Now let make more sense
PERFORMANCE BY USE OF ASSET (AMOUNT GENERATING A SHILLING OF PROFIT )
 BARCLAYS
                                               14
 EQUITY
                                               15
 STAN CHART
                                               20
 KCB
                                               22

Now the figures become more useful and meaningful in the decision you want to make.
Despite KCB leading in profits, is it efficient in making good use of its assets?

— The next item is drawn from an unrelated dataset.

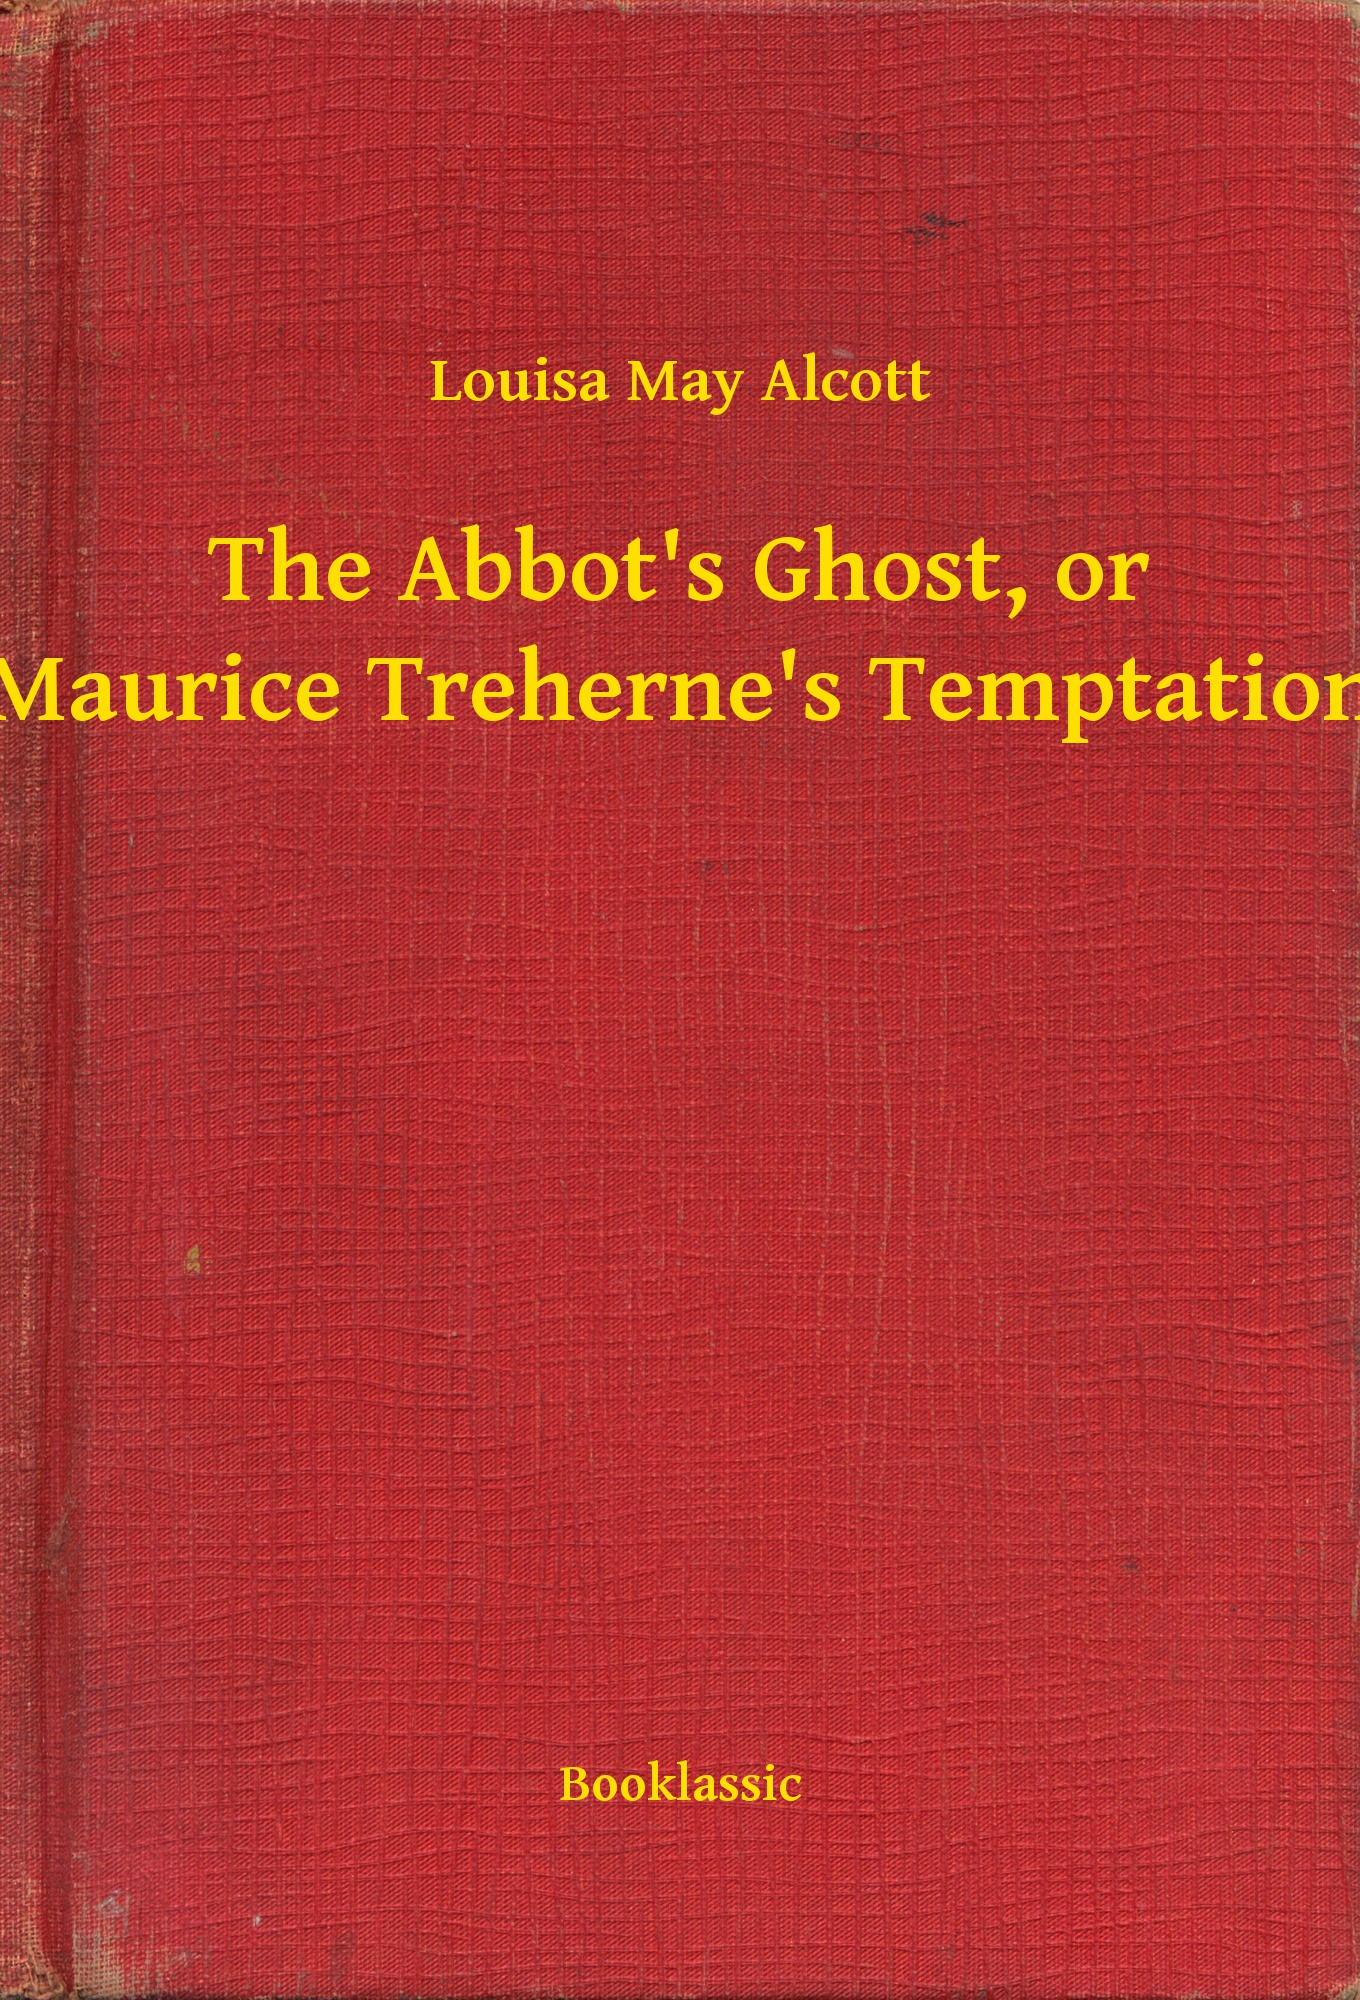 The Abbot"s Ghost, or Maurice Treherne"s Temptation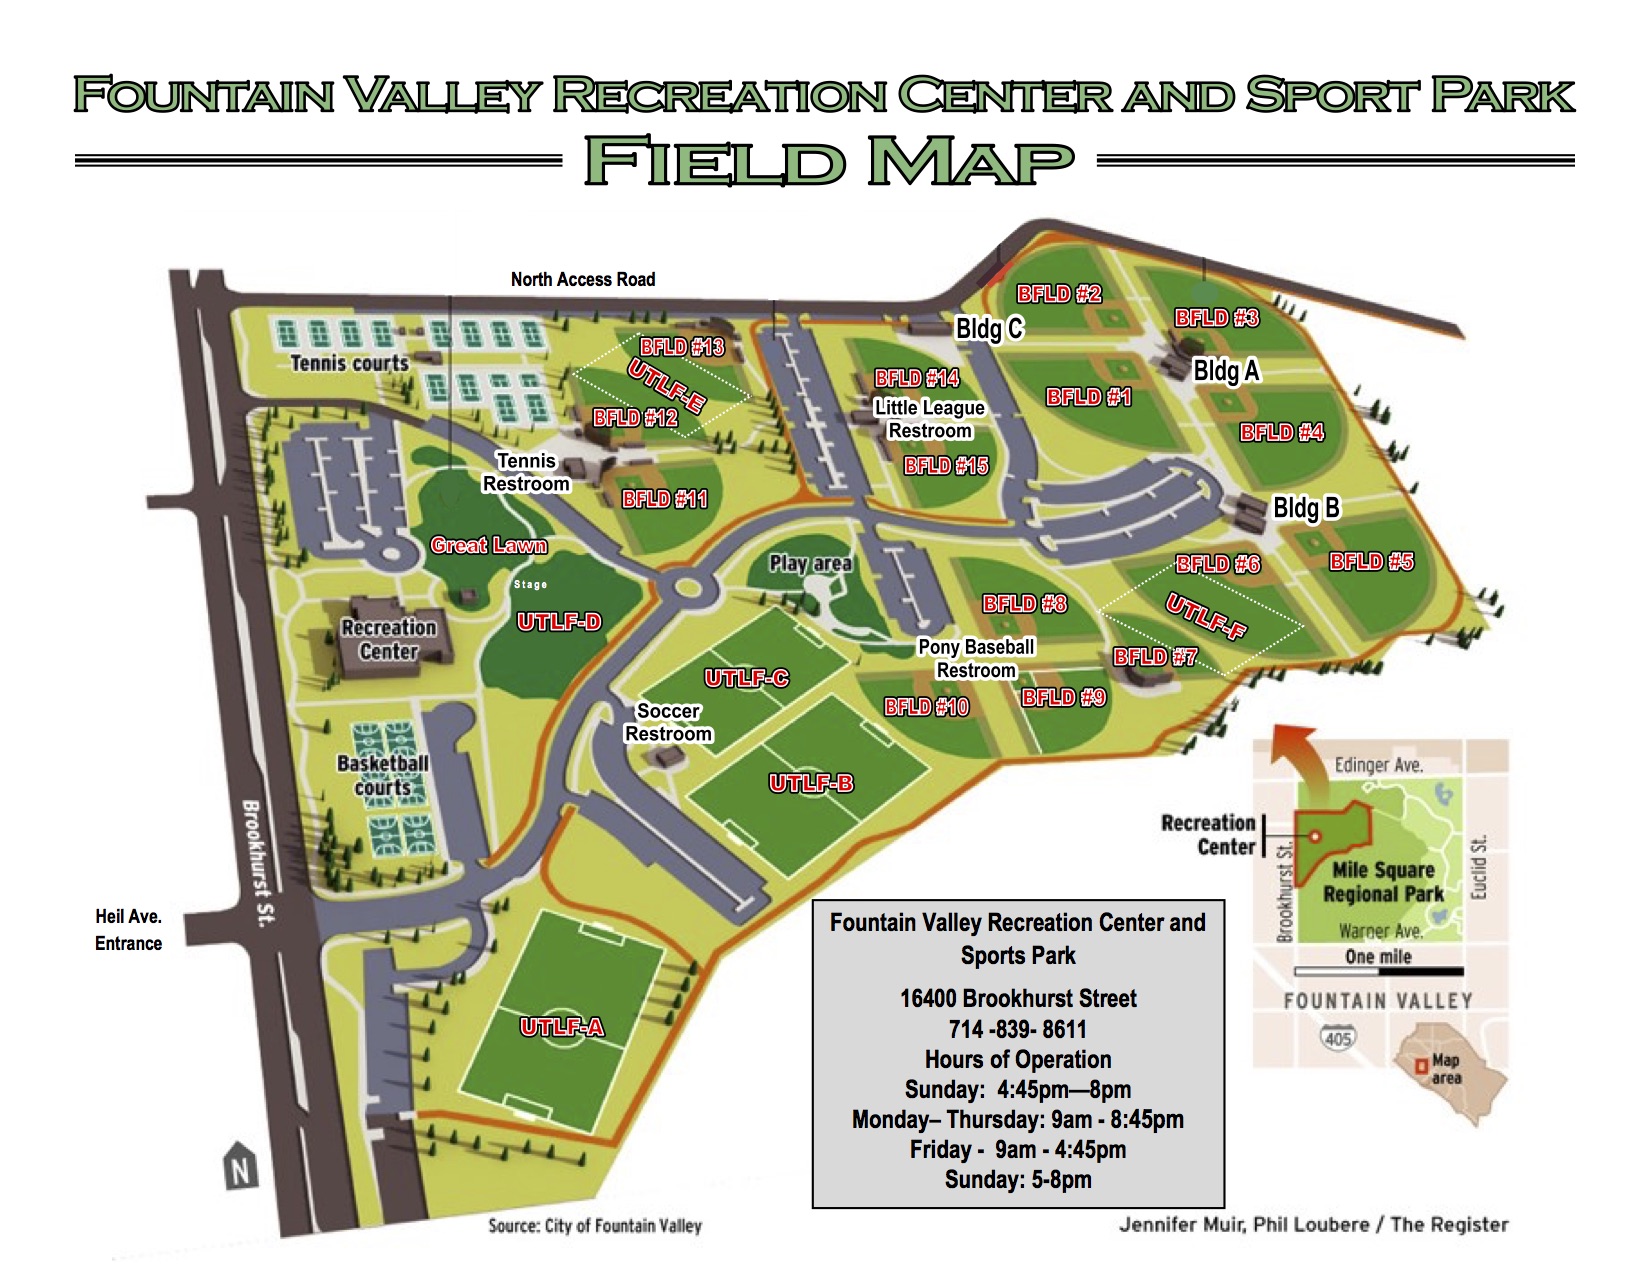 Fountain Valley Sports Park

Assuming all the banks increase their assets to match that of KCB of KSH 330,716m
AT KSH 330,716M IN ASSETS
 BARCLAYS
                        23,744
 EQUITY
                        21,362
 STAN CHART
                        16,620
 KCB
                        15,103
I am NOT suggesting that KCB is a bad performer because there are so many indicators to gauge a bank performance, bank health and growth strategies. If you factor in the income from sale of custodial business to @Standard Chartered in @Barclays Bank profits, Equity Bank will be on top.
If you need figures on a business to derive a strategy, you need first to know which one is more important and which one is more meaningful. In a supermarket do you need the number of shoppers who visited your store in a day or total sales in a day regardless of how many bought to derive a profit growth strategy? In addition need to figure out how long a customer stays in the supermarket and how many customers entered your store and walked out without buying anything before thinking of profits.
All numbers and reports generated in business is as importance as the much you derive any meaning from them, otherwise useless.